Package 

Interface FetchSchedule

  • All Implemented Interfaces:
    ai.platon.pulsar.common.config.Parameterized

    
    public interface FetchSchedule
     implements Parameterized
                        

    This interface defines the contract for implementations that manipulate fetch times and re-fetch intervals.

    • Method Summary

      Modifier and Type Method Description
      abstract Unit initializeSchedule(WebPage page) Initialize fetch schedule related data.
      abstract Unit setFetchSchedule(WebPage page, ModifyInfo m) Sets the fetchInterval and fetchTime on a successfully fetched page.
      abstract Unit setPageGoneSchedule(WebPage page, Instant prevFetchTime, Instant prevModifiedTime, Instant fetchTime) This method specifies how to schedule refetching of pages marked as GONE.
      abstract Unit setPageRetrySchedule(WebPage page, Instant prevFetchTime, Instant prevModifiedTime, Instant fetchTime) This method adjusts the fetch schedule if fetching needs to be re-tried due to transient errors.
      abstract Instant estimatePrevFetchTime(WebPage page) Calculates last fetch time of the given CrawlDatum.
      abstract Boolean shouldFetch(WebPage page, Instant now) This method provides information whether the page is suitable for selection in the current fetchlist.
      abstract Unit forceRefetch(WebPage page, Instant prevFetchTime, Boolean asap) This method resets fetchTime, fetchInterval, modifiedTime and page text, so that it forces refetching.
      abstract Duration getMaxFetchInterval()
      • Methods inherited from class ai.platon.pulsar.crawl.schedule.FetchSchedule

        getParams
      • Methods inherited from class java.lang.Object

        clone, equals, finalize, getClass, hashCode, notify, notifyAll, toString, wait, wait, wait
    • Method Detail

      • initializeSchedule

         abstract Unit initializeSchedule(WebPage page)
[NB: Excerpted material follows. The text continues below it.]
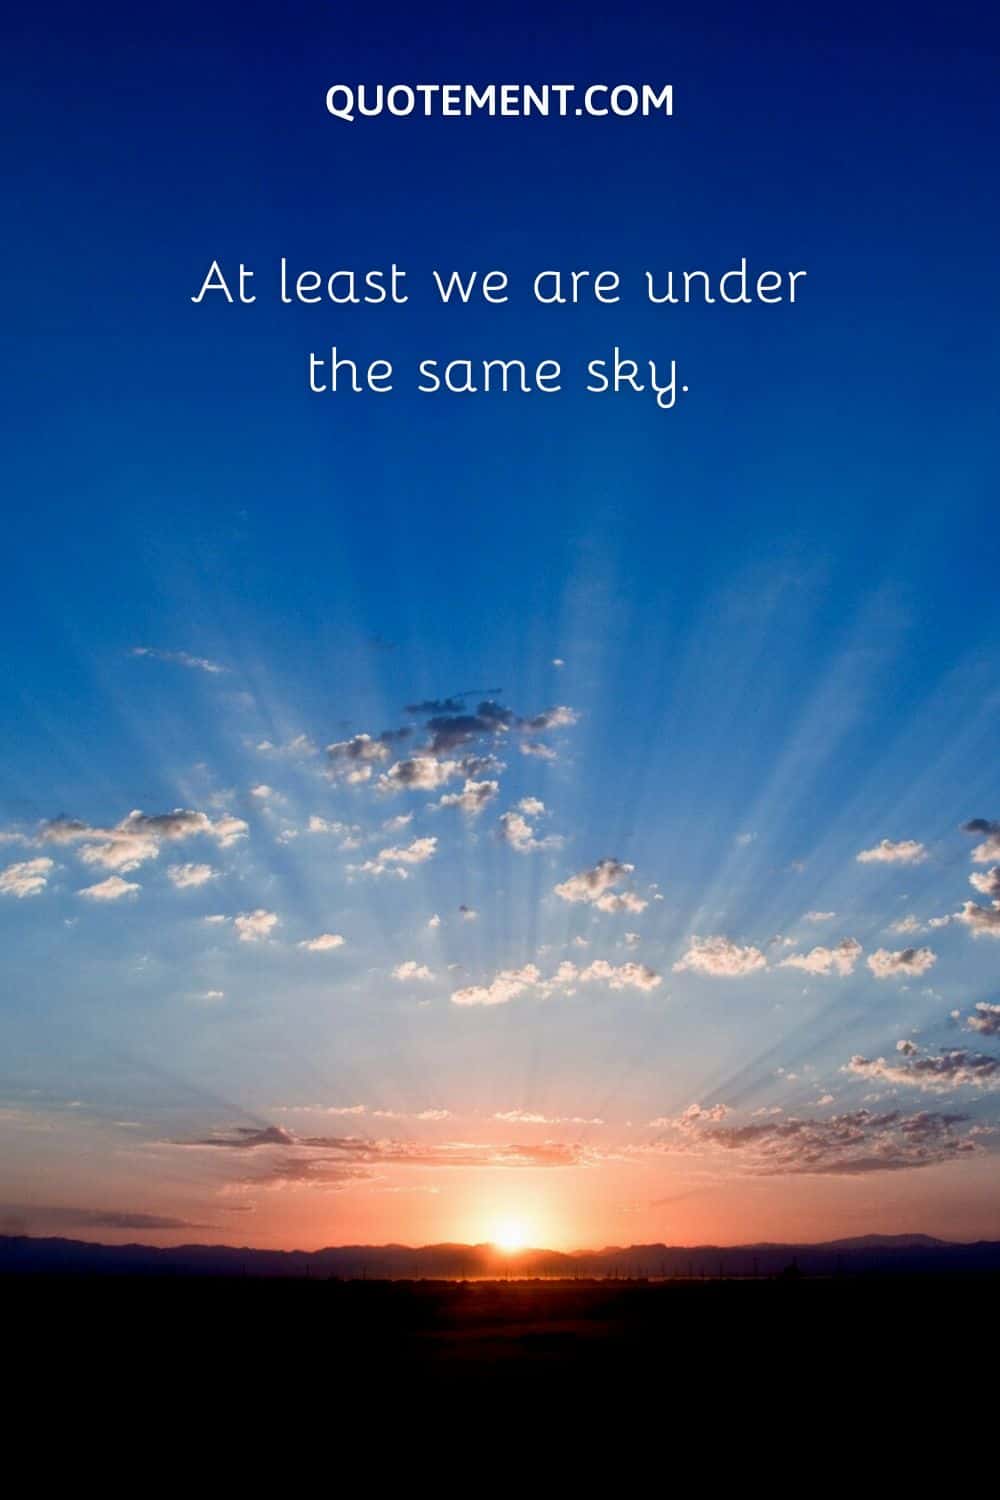 At least we are under the same sky.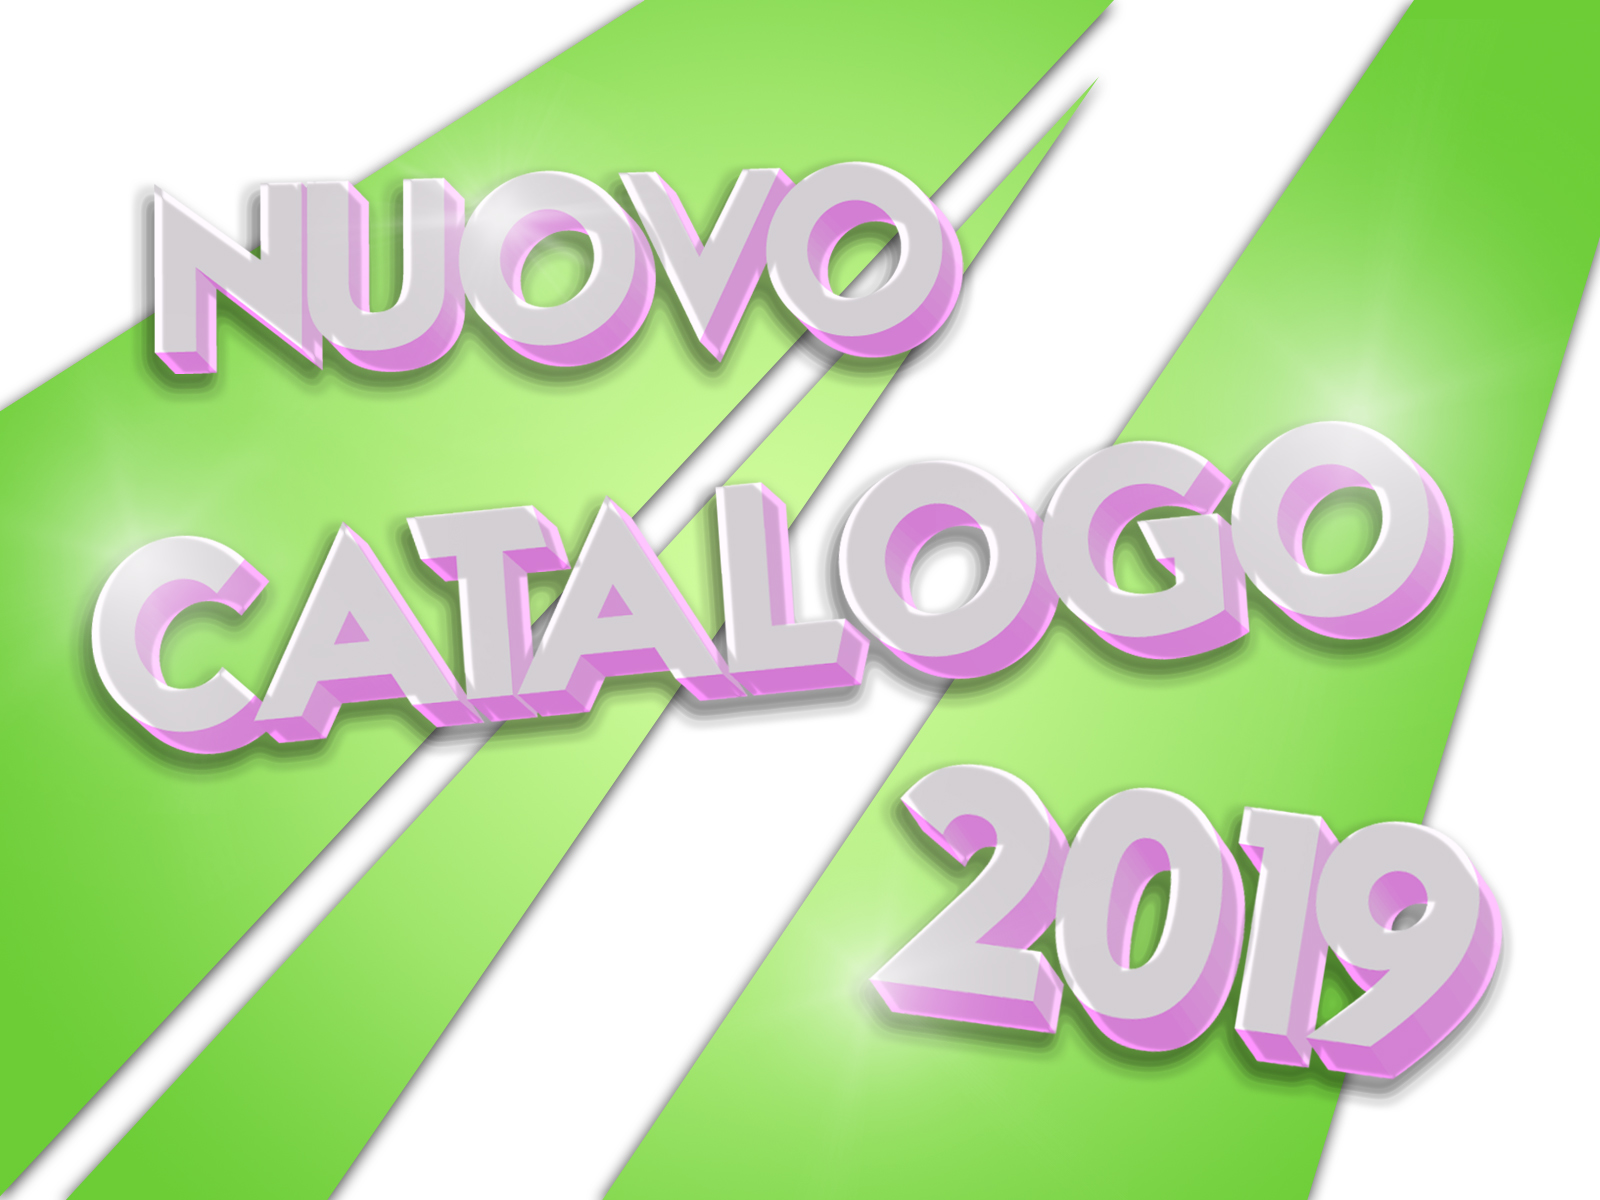 You are currently viewing Nuovo catalogo 2019

        Initialize fetch schedule related data. Implementations should at least set the fetchTime and fetchInterval. The default implementation set the fetchTime to now, using the default fetchInterval.

      • setFetchSchedule

         abstract Unit setFetchSchedule(WebPage page, ModifyInfo m)

        Sets the fetchInterval and fetchTime on a successfully fetched page. Implementations may use supplied arguments to support different re-fetching schedules.

        Parameters:
        page - The Web page
      • setPageGoneSchedule

         abstract Unit setPageGoneSchedule(WebPage page, Instant prevFetchTime, Instant prevModifiedTime, Instant fetchTime)

        This method specifies how to schedule refetching of pages marked as GONE. Default implementation increases fetchInterval by 50%, and if it exceeds the maxInterval it calls .forceRefetch.

        Parameters:
        page - The page
      • setPageRetrySchedule

         abstract Unit setPageRetrySchedule(WebPage page, Instant prevFetchTime, Instant prevModifiedTime, Instant fetchTime)

        This method adjusts the fetch schedule if fetching needs to be re-tried due to transient errors. The default implementation sets the next fetch time 1 day in the future and increases the retry counter.Set

        Parameters:
        page - The page
        prevModifiedTime - previous modified time
        fetchTime - current fetch time
      • shouldFetch

         abstract Boolean shouldFetch(WebPage page, Instant now)

        This method provides information whether the page is suitable for selection in the current fetchlist. NOTE: a true return value does not guarantee that the page will be fetched, it just allows it to be included in the further selection process based on scores. The default implementation checks fetchTime, if it is higher than the

        Parameters:
        page - The Web page
      • forceRefetch

         abstract Unit forceRefetch(WebPage page, Instant prevFetchTime, Boolean asap)

        This method resets fetchTime, fetchInterval, modifiedTime and page text, so that it forces refetching.

        Parameters:
        page - The Web page
        asap - if true, force refetch as soon as possible - this sets the fetchTime to now.